First of all, to the uninitiated, we should explain what a payday loan is. A payday loan is a small, short-term loan which is linked to the borrower's payday.

The borrower can apply online, or at a retail outlet, with the APR of the loan (annual percentage rate) varying between 1700% to 4200%. A typical loan of £100 with a 28 day term would have the customer pay approximately £139 back.

Recently Wonga began sponsoring Newcastle United Football Club, with their name appearing on their shirts. This caused outcry from politicians, saying that Newcastle United should be more responsible in who they choose as sponsor.

The outrage came because they believe companies like Wonga give out loans to people who cannot afford them. However other football teams are sponsored by tobacco, betting and even beer companies, so is it just a knee-jerk reaction?

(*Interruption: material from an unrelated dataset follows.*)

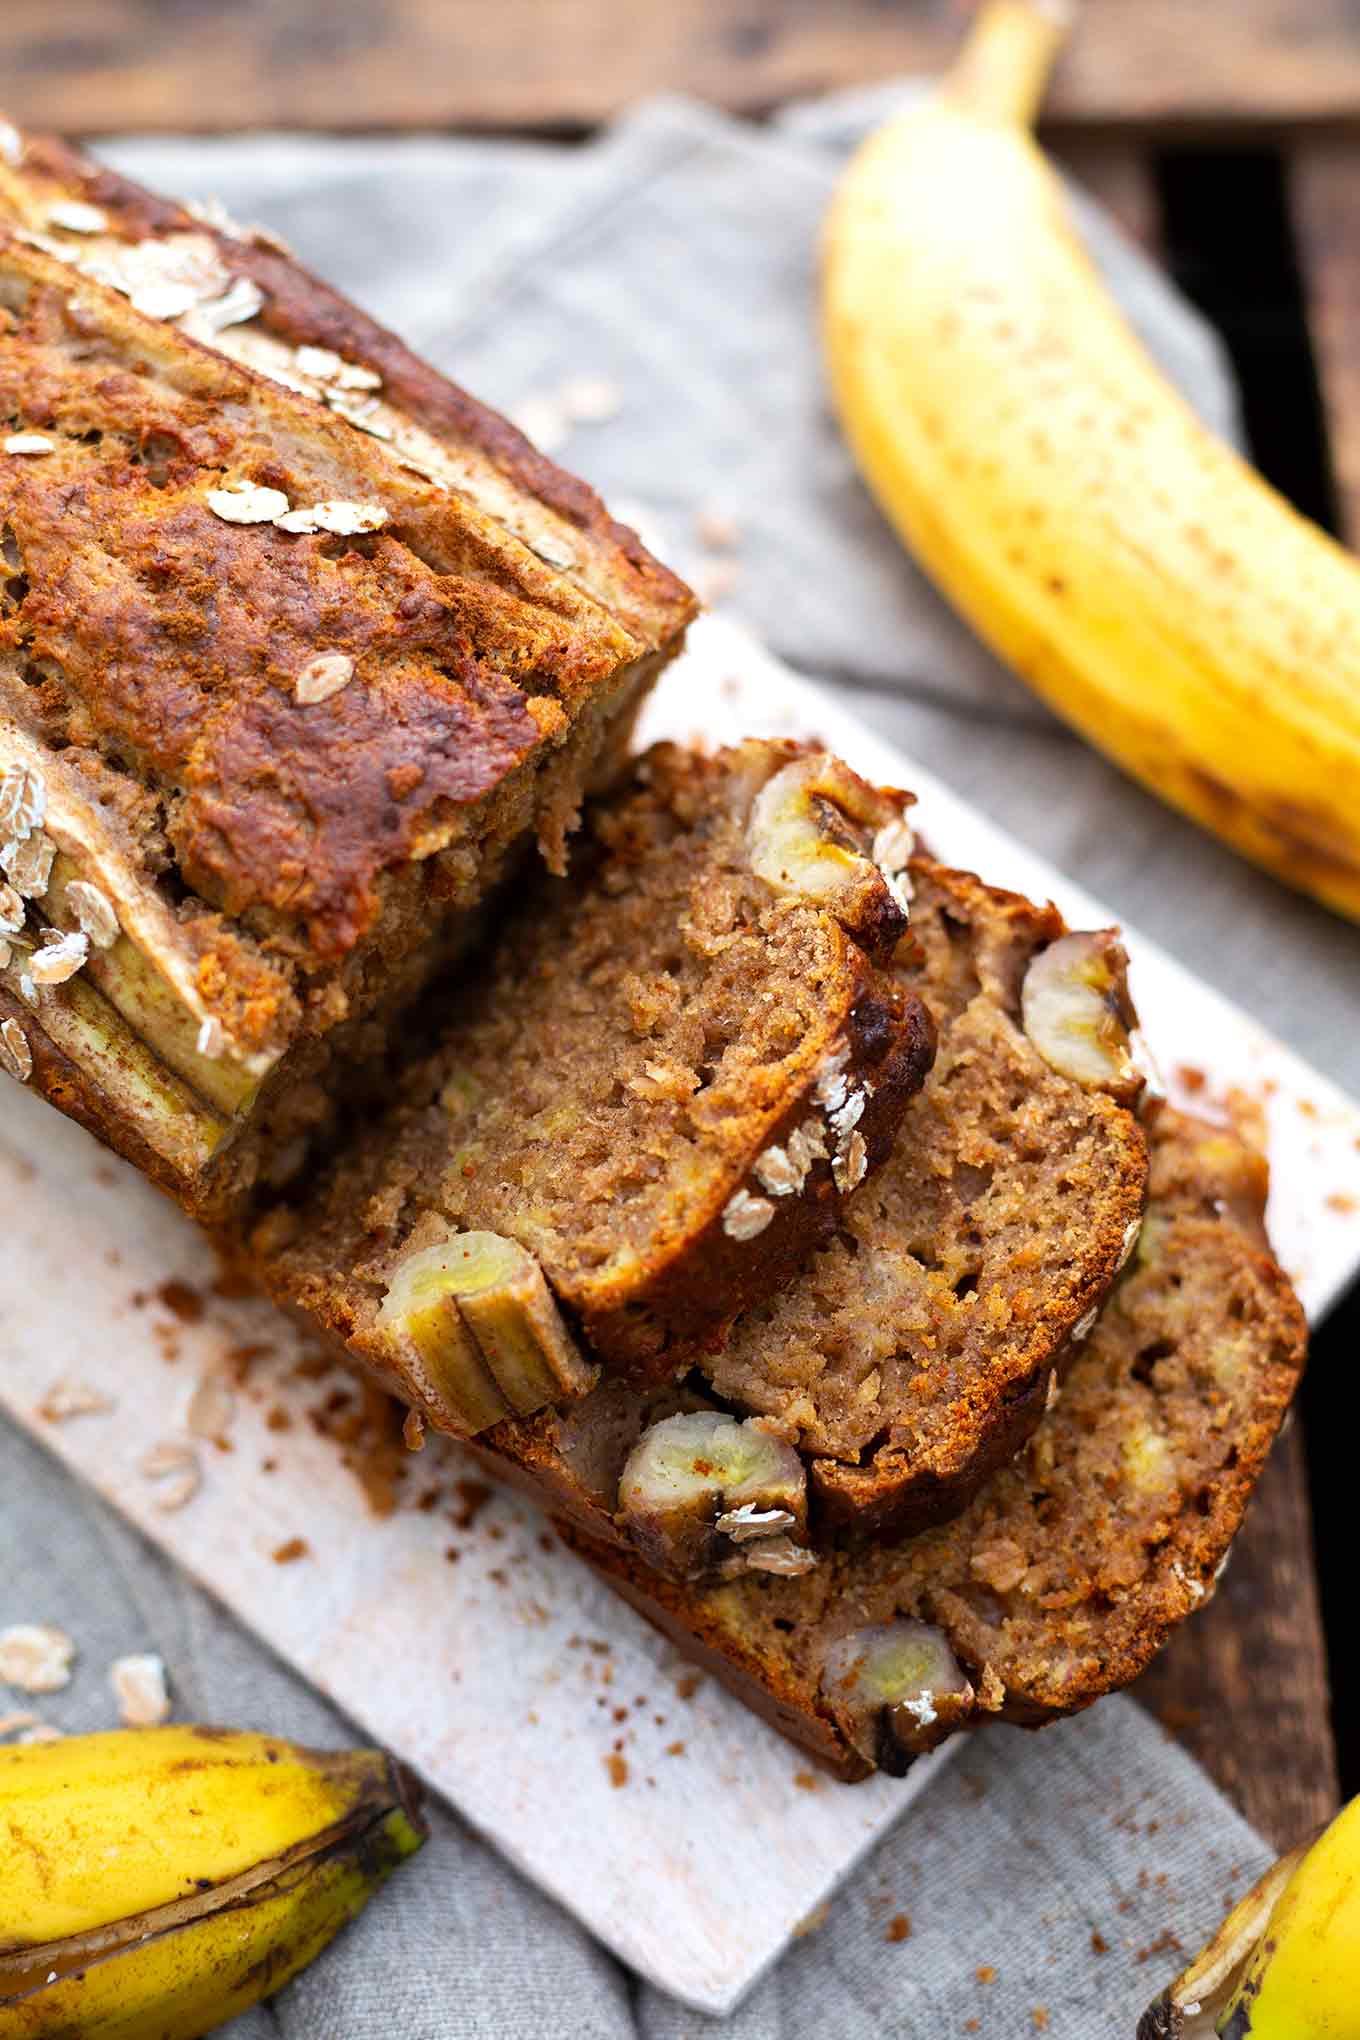 Werbung. Einfaches, super saftiges Bananenbrot ohne Zucker. Dieses schnelle 1-Schüssel Rezept ist super lecker und perfekt für Überraschungsbesuch! - Kochkarussell.com #bananenbrot #ohnezucker #rezept

But with a default rate on payday loans of about 20%, it is easy to see why people think payday loan companies seem to be making a quick buck out of vulnerable people.

For those against such companies, there is hope. Not-for-profit companies such as London Mutual Credit Union, are taking on payday-loan companies. They charge much lower interest rates, starting from just 26.8%. A customer taking out a £400 loan with a typical payday loan company would pay back about £520, whereas with CUOK it would be just £408.

However there is a catch in that CUOK's catchment area only covers certain areas of London, and other credit unions require you to become a member and save there for a few months before you can take out a short-term loan.

Despite all the criticism, there are obviously millions of cases of payday-loans legitimately helping people who are not vulnerable and just need a quick loan. But with campaigners such as as the influential Martin Lewis saying that more regulation is needed for payday loan companies.